Return nothing but the lines from the one with "Created For This" through the one with "green vase with pink hearts" in the data below, word for word and without pictures.

> Data for processing:
▶

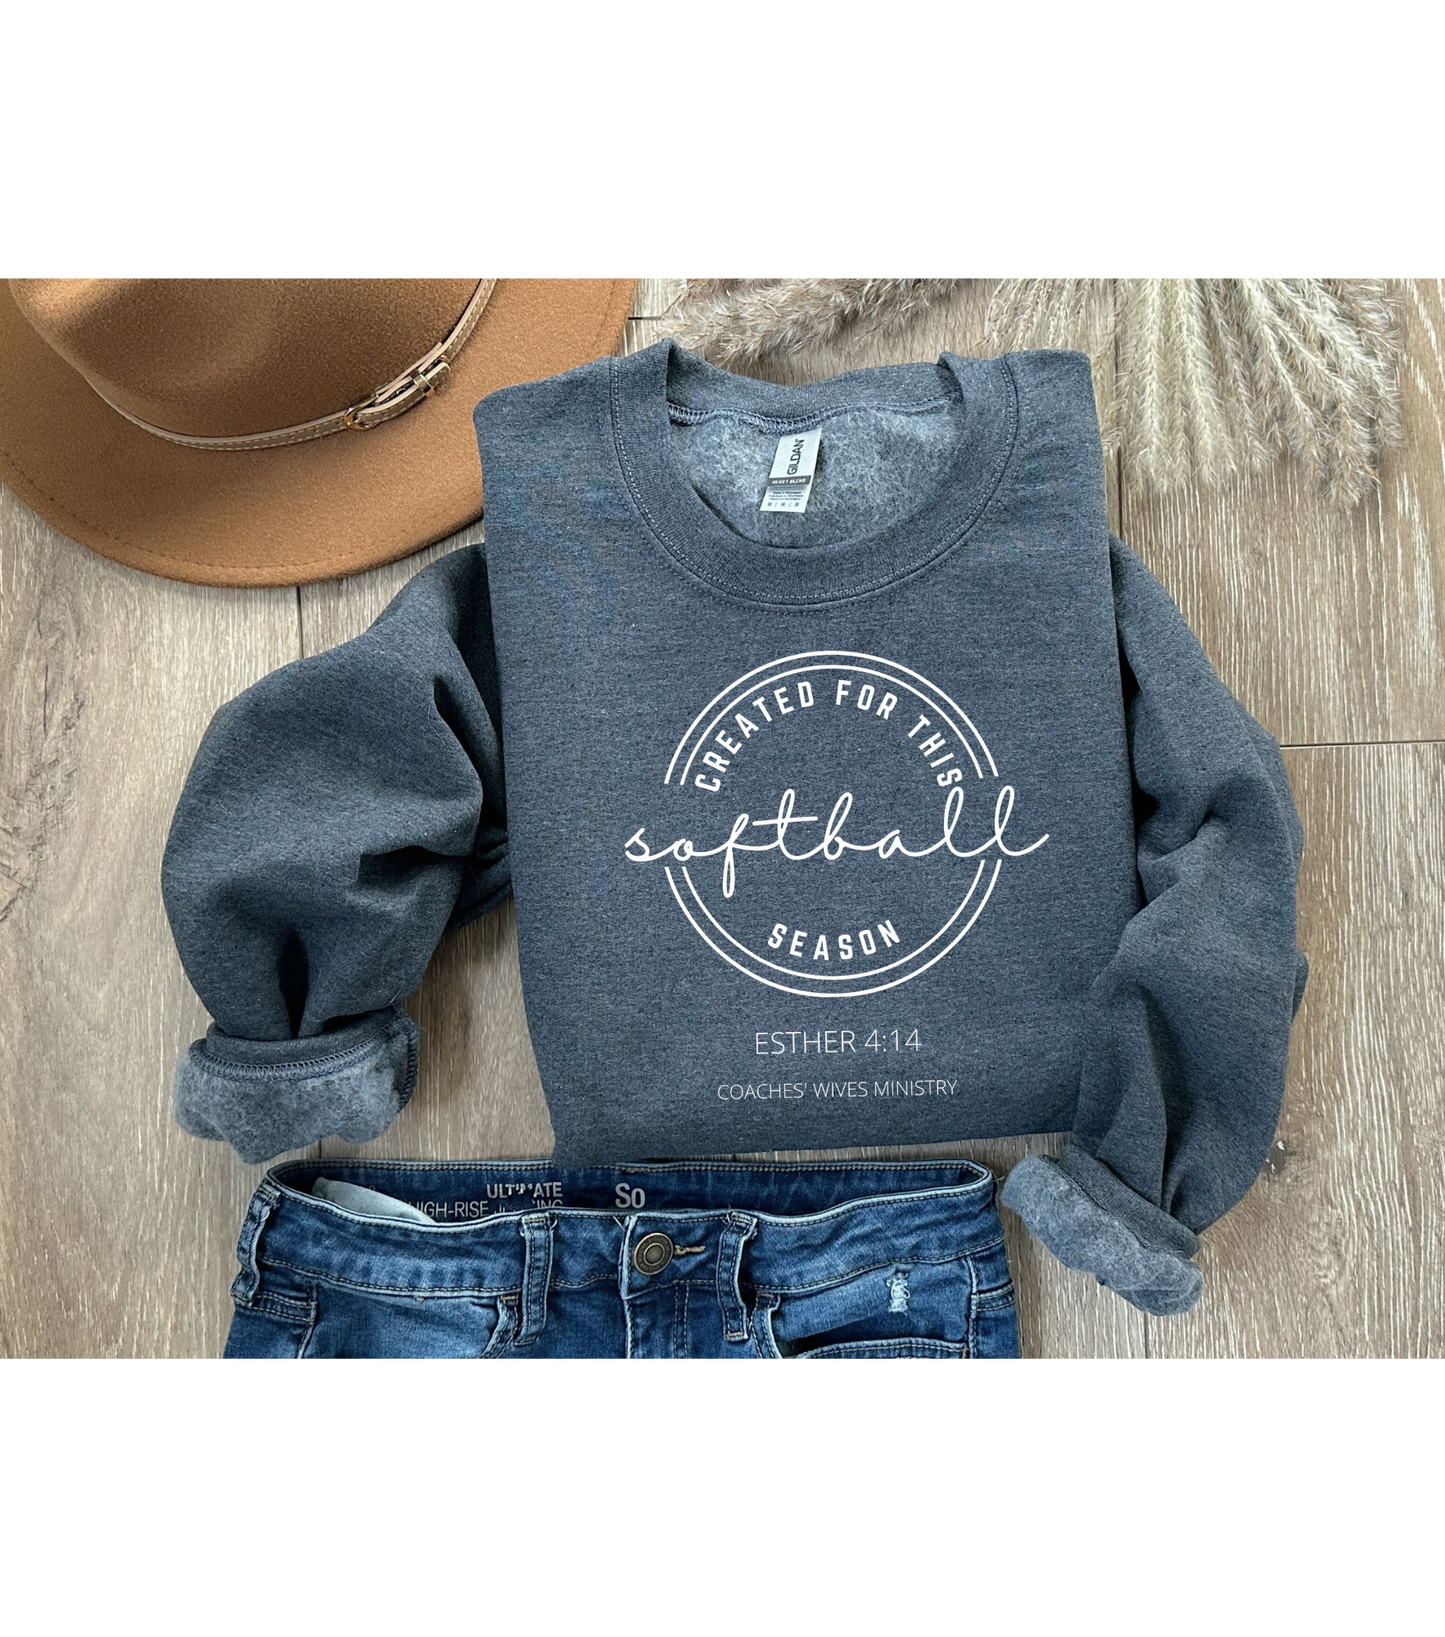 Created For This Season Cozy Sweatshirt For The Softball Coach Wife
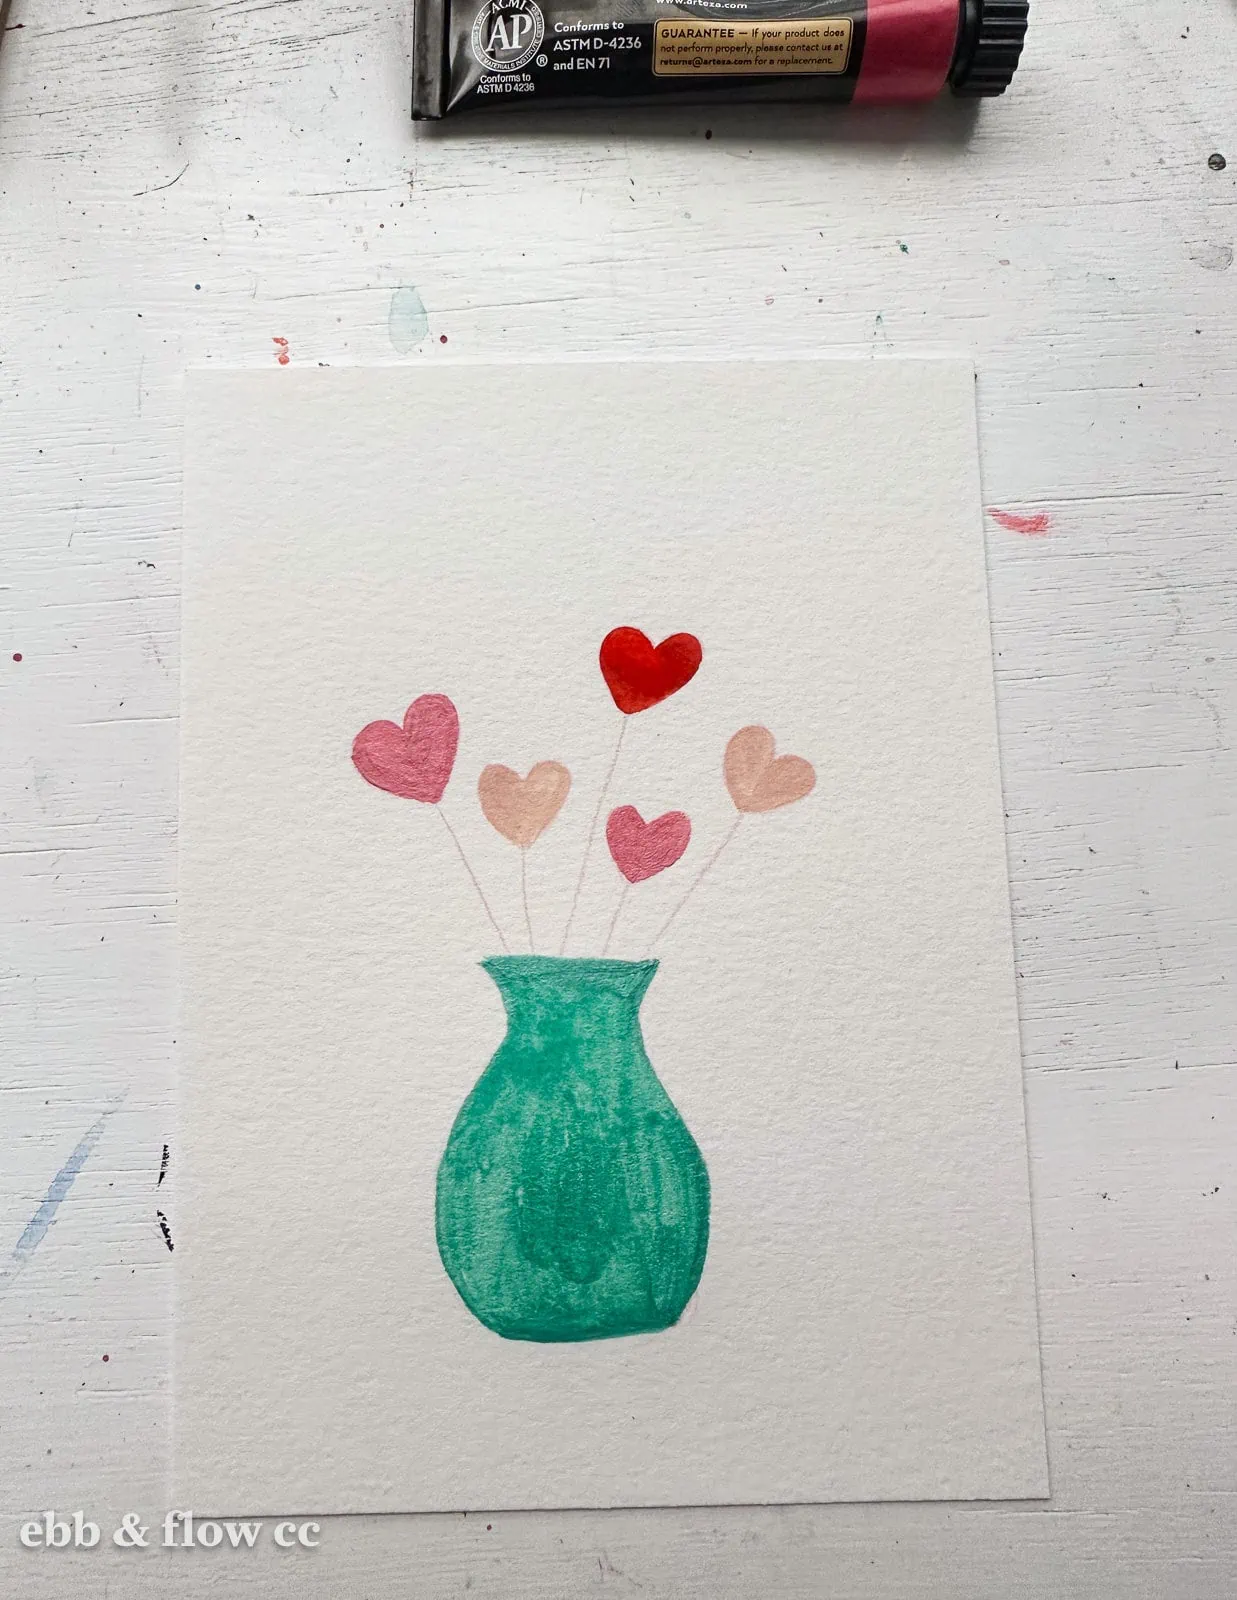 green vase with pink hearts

◀
▶

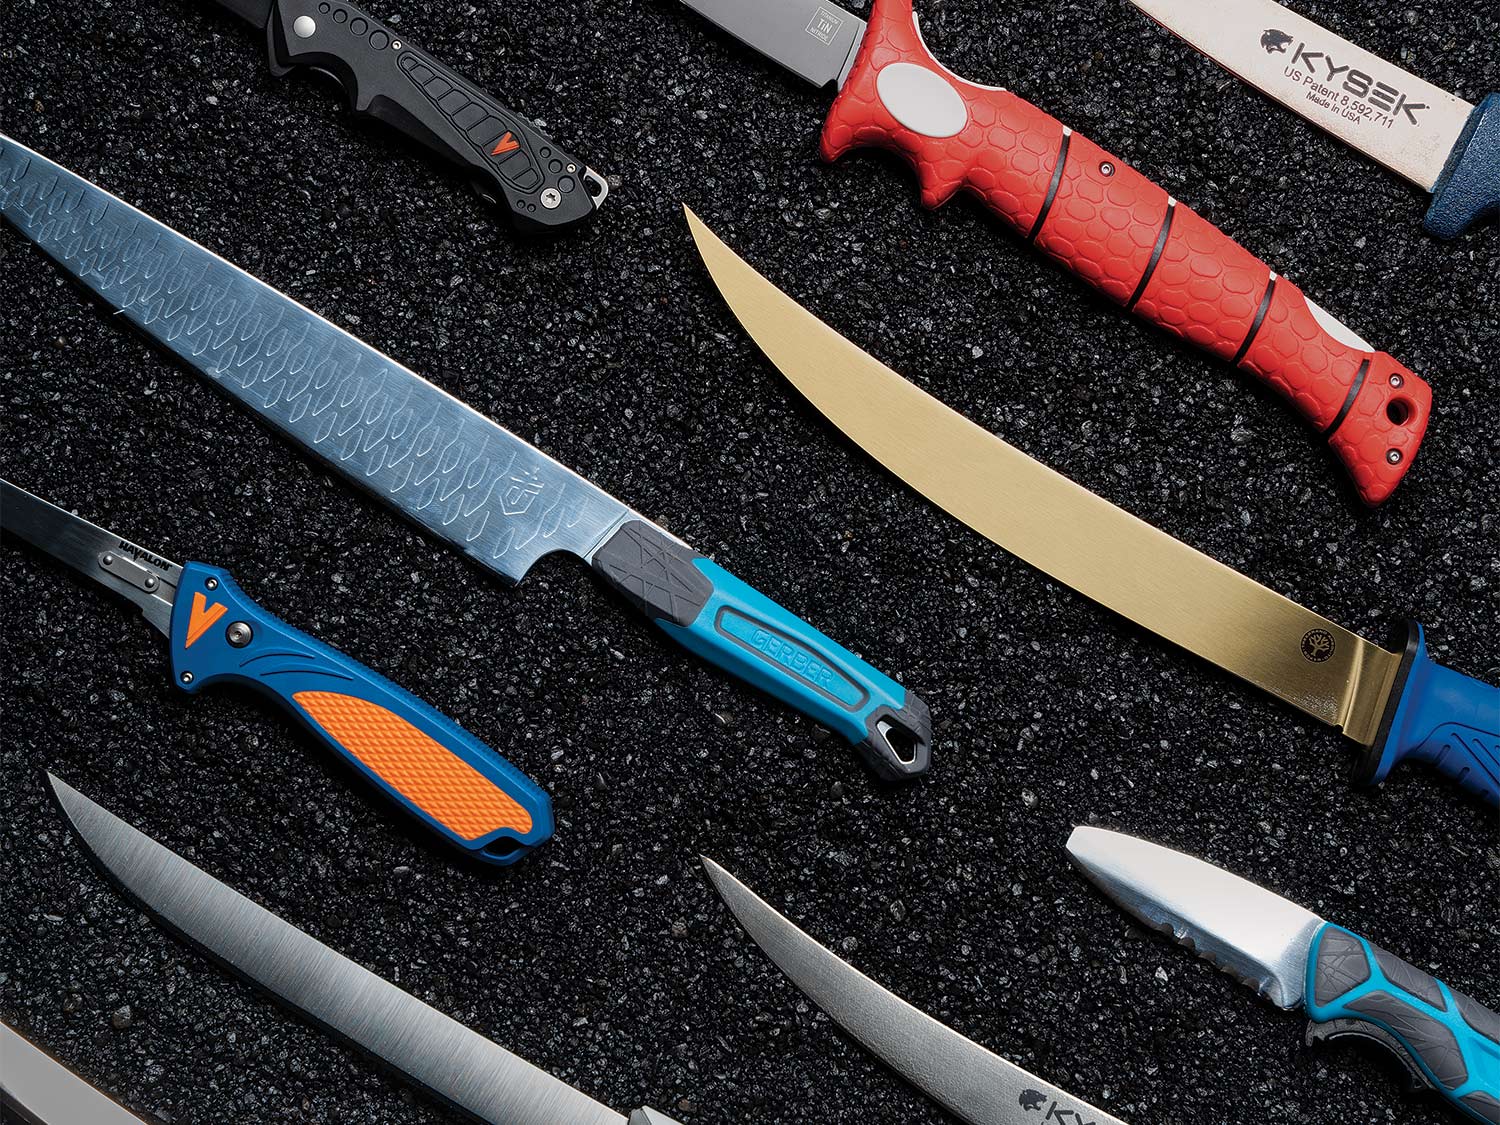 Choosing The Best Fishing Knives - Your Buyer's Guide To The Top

◀
▶

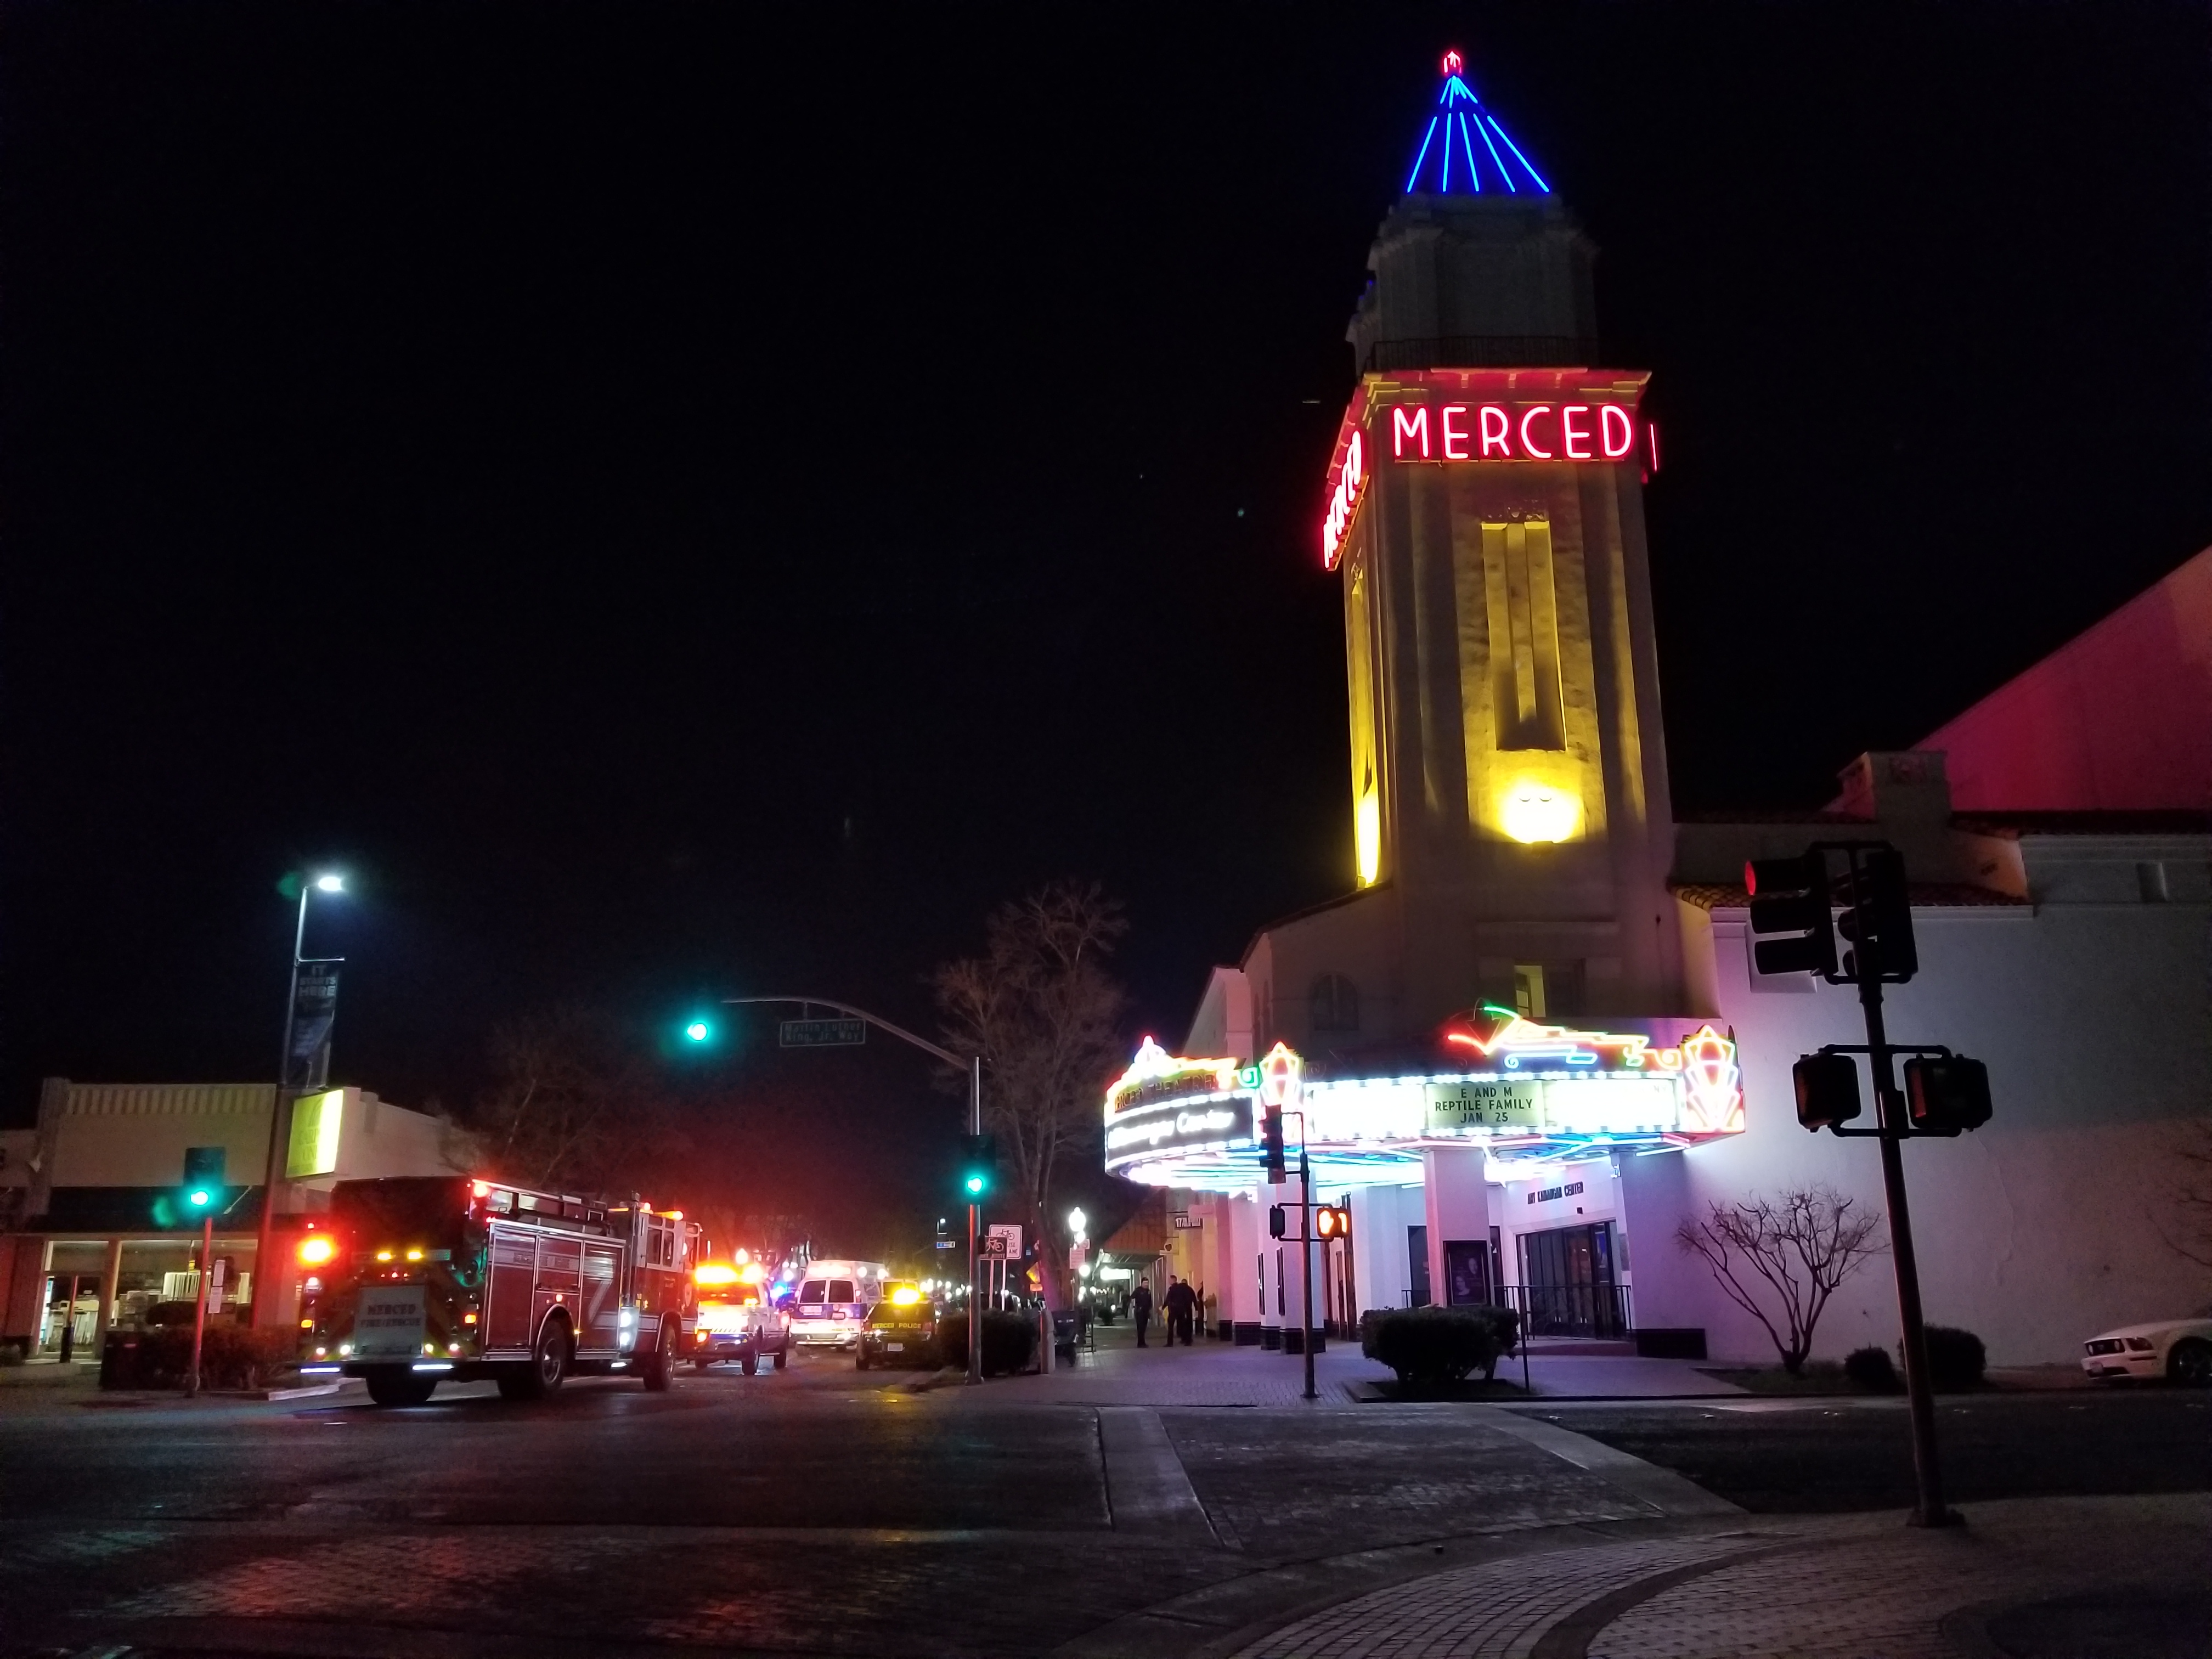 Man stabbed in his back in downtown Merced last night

◀

> Reply to the task:
 Created For This Season Cozy Sweatshirt For The Softball Coach Wife
 green vase with pink hearts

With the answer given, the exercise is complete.